How do I create an element?

You can use the new operator for this.

// Check how many <tr> are in the document
// Prints '3'
t_tr.all.size().println();

// Creates a new tr element
var row = new t_tr;

// Check again
// Prints '4'
t_tr.all.size().println();

How can I add a child to an existing element?

You can use the .appendChild(child) operation for this.

// Create a new row
var row = new t_tr;

// Get the tbody element
var tbody = t_tbody.all.first();

// Add the book to the library
tbody.appendChild(row);

Bringing it all together

The following snippet computes and prints the total sales revenue.

var table = t_table.all.first();

var sum : Real;

// Iterate only through the rows under tbody
for (tr in table.e_tbody.c_tr) {
    sum = sum + tr.c_td.at(1).getRealValue() * 
        tr.c_td.at(2).getRealValue();
}

// Prints 246.0
sum.println();

operation t_td getRealValue() {
    return self.text.asReal();
}

Adding a HTML document to your launch configuration

To add a HTML document to your Epsilon launch configuration, you need to select "HTML document" from the list of available model types.

Then you can configure the details of your document (name, file etc.) in the screen that pops up. To load a HTML document that is not in the Eclipse workspace, untick the "Workspace file" check box and provide a full uri for your document (e.g. http://www.google.com or file:/c:/myhtml.html).

Loading a HTML document in your ANT buildfile

The following ANT build file demonstrates how you can use ANT to load/store and process HTML documents with Epsilon.

<project default="main">
    <target name="main">

        <epsilon.loadModel name="M" type="HTML">
            <parameter name="readOnLoad" value="true"/>
            <parameter name="storeOnDisposal" value="false"/>
            <parameter name="file" file="sales.html"/>
        </epsilon.loadModel>

        <epsilon.eol src="sales.eol">
            <model ref="M"/>
        </epsilon.eol>

    </target>
</project>

Loading a HTML document through Java code

The following excerpt demonstrates using HTML models using Epsilon's Java API.

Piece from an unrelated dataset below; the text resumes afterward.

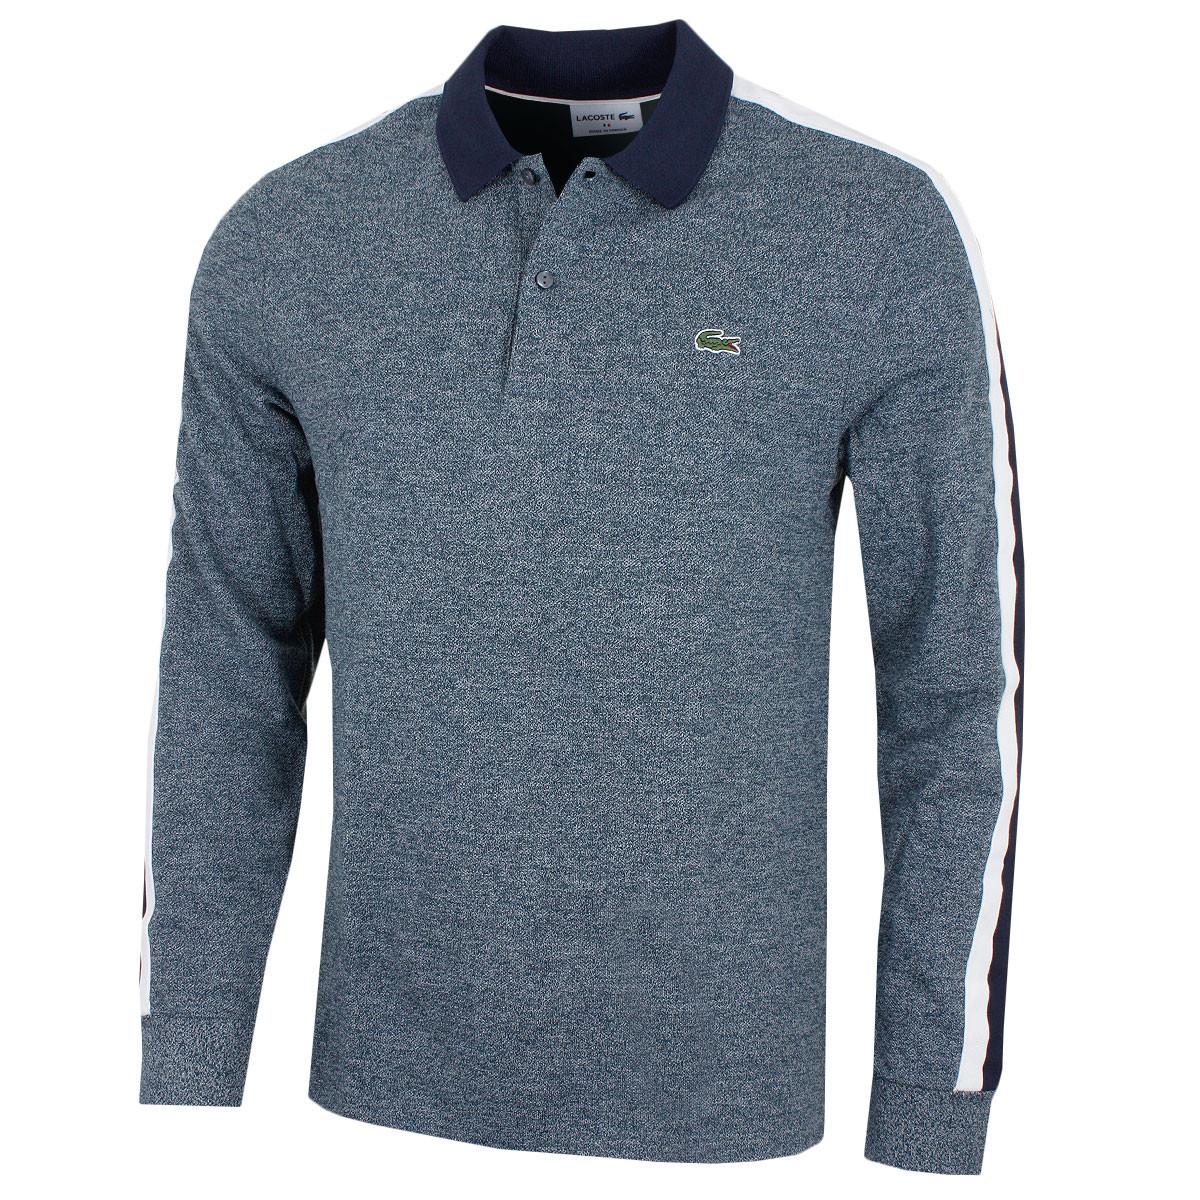 721432cafe88 Lacoste Mens Regular Fit Mouline Cotton Pique Polo Shirt

EolModule module = new EolModule();
module.parse(new File("..."));

HtmlModel model = new HtmlModel();
model.setName("M");
model.setFile(new File("..."));
model.load();

module.getContext().getModelRepository().addModel(model);
module.getContext().setModule(module);
module.execute();

Loading a remote HTML document in Gradle

The example below shows a standalone Gradle file (build.gradle) that runs a set of EOL queries (queries.eol) against the HTML behind the Epsilon homepage.

configurations {
    epsilon
}

repositories {
    maven {
        url "https://oss.sonatype.org/content/repositories/snapshots"
    }
    mavenCentral()
}

dependencies {
    epsilon 'org.eclipse.epsilon:org.eclipse.epsilon.workflow:2.3.0-SNAPSHOT'
    epsilon 'org.eclipse.epsilon:org.eclipse.epsilon.emc.html:2.3.0-SNAPSHOT'
}

task setupEpsilonTasks {
    // Set up the core Epsilon tasks
    ant.taskdef(resource: 'org/eclipse/epsilon/workflow/tasks/tasks.xml', 
        classpath: configurations.epsilon.asPath, loaderref: 'epsilon')
    // Set logging level to info so that EOL's println() is not suppressed
    ant.lifecycleLogLevel = 'INFO'
}

task run {
    dependsOn tasks.setupEpsilonTasks
    // Load the eclipse.org/epsilon webpage as a HTML model
    ant.'epsilon.loadModel'(name: 'HTML', type: 'HTML',  
        impl: 'org.eclipse.epsilon.emc.html.HtmlModel',)
        { parameter(name: 'uri', value: 'https://www.eclipse.org/epsilon/') }

    // Run query.eol against it
    ant.'epsilon.eol'(src: 'queries.eol'){ model(ref: 'HTML') }
}
// Print the text of all <strong> elements
for (s in t_strong.all) {
    s.text().println();
}

// Print all links that point to external websites
for (link in t_a.all) {
    if (link.a_href.startsWith("http")) {
        link.a_href.println();
    }
}

// Print the text of all <li> elements which are
// children of the <ul> that's the first sibling
// of the "Why Epsilon?" <h2>
var whyEpsilon = t_h2.all.selectOne(h2|h2.text.startsWith("Why Epsilon"));
var ul = whyEpsilon.nextElementSibling();
for (li in ul.c_li) {
    li.text.println();
}

Additional resources

The Epsilon HTML driver leverages the excellent Jsoup HTML parser. In fact, all elements returned via EOL queries are instances of the org.jsoup.nodes.Element class and as such, all methods of the class can be invoked on them through EOL.